Newborn girls are hardier than newborn boys during famines, epidemics

Migrant mother and children during the Great Depression. Women survive better than men in times of adversity, research shows. Photo by Dorothea Lange, 1936, Library of Congress.
Migrant mother and children during the Great Depression. Women survive better than men in times of adversity, research shows. Photo by Dorothea Lange, 1936, Library of Congress.

DURHAM , N.C. -- Women today tend to live longer than men almost everywhere worldwide -- in some countries by more than a decade.

Now, three centuries of historical records show that women don’t just outlive men in normal times: They’re more likely to survive even in the worst of circumstances, such as famines and epidemics, researchers report.

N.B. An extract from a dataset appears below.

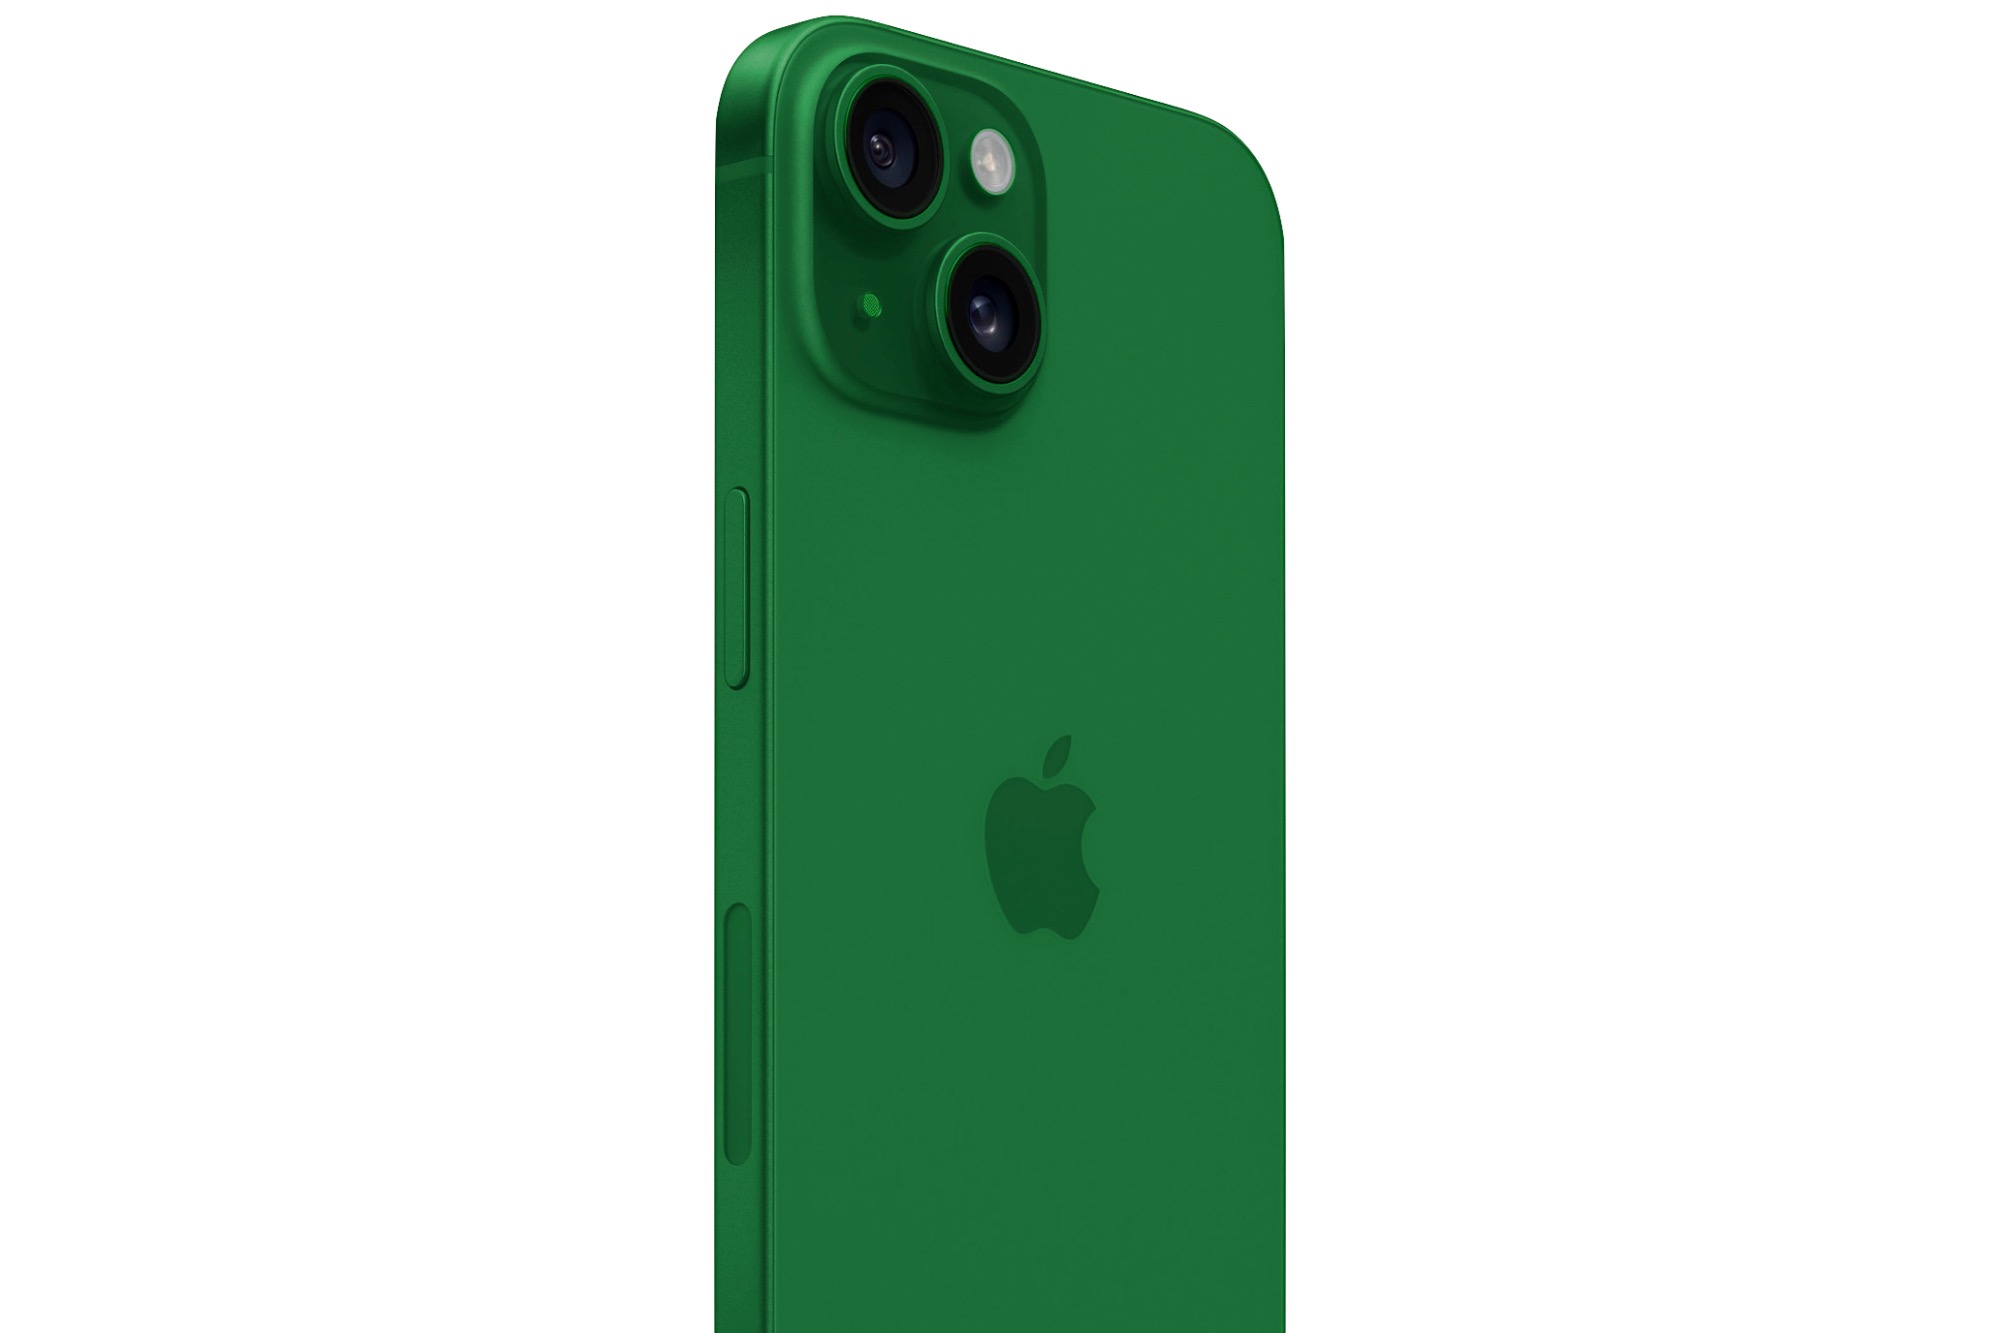 Así son los nuevos iPhone 13 Green y Alpine Green - Digital Trends Español

Most of the life expectancy gender gap was due to a female survival advantage in infancy rather than adulthood, the researchers found. In times of adversity, newborn girls are more likely to survive.

The fact that women have an edge in infancy, when behavioral differences between the sexes are minimal, supports the idea that the explanation is at least partly biological, the researchers say.

Led by Virginia Zarulli, an assistant professor at the University of Southern Denmark, and James Vaupel, a research professor at Duke University, the team analyzed mortality data going back roughly 250 years for people whose lives were cut short by famine, disease or other misfortunes.

The data spanned seven populations in which the life expectancy for one or both sexes was a dismal 20 years or less. Among them were working and former slaves in Trinidad and the United States in the early 1800s, famine victims in Sweden, Ireland and the Ukraine in the 18th, 19th and 20th centuries, and Icelanders affected by the 1846 and 1882 measles epidemics.

In Liberia, for example, freed American slaves who relocated to the West African country in the 1800s experienced the highest mortality rates ever recorded. More than 40 percent died during their first year, presumably wiped out by tropical diseases they had little resistance to. Babies born during that time rarely made it past their second birthday.

Another group of people living in Ireland in the 1840s famously starved when a potato blight caused widespread crop failure. Life expectancy plummeted by more than 15 years.

Overall the researchers discovered that, even when mortality was very high for both sexes, women still lived longer than men by six months to almost four years on average.

Girls born during the famine that struck Ukraine in 1933, for example, lived to 10.85, and boys to 7.3 -- a 50 percent difference.

When the researchers broke the results down by age group, they found that most of the female survival advantage comes from differences in infant mortality. Newborn girls are hardier than newborn boys.

The results suggest that the life expectancy gender gap can’t be fully explained by behavioral and social differences between the sexes, such as risk-taking or violence.

Instead, the female advantage in times of crisis may be largely due to biological factors such as genetics or hormones. Estrogens, for example, have been shown to enhance the body’s immune defenses against infectious disease.

“Our results add another piece to the puzzle of gender differences in survival,” the researchers said.

The findings were published Jan. 8, 2018, in the early online edition of Proceedings of the National Academy of Sciences.

CITATION: "Women Live Longer Than Men Even During Severe Famines and Epidemics," Virginia Zarulli, Julia Barthold Jones, Anna Oksuzyan, Rune Lindahl-Jacobsen, Kaare Christensen and James W. Vaupel. PNAS, January 2018. DOI: 10.1073/pnas.1701535115.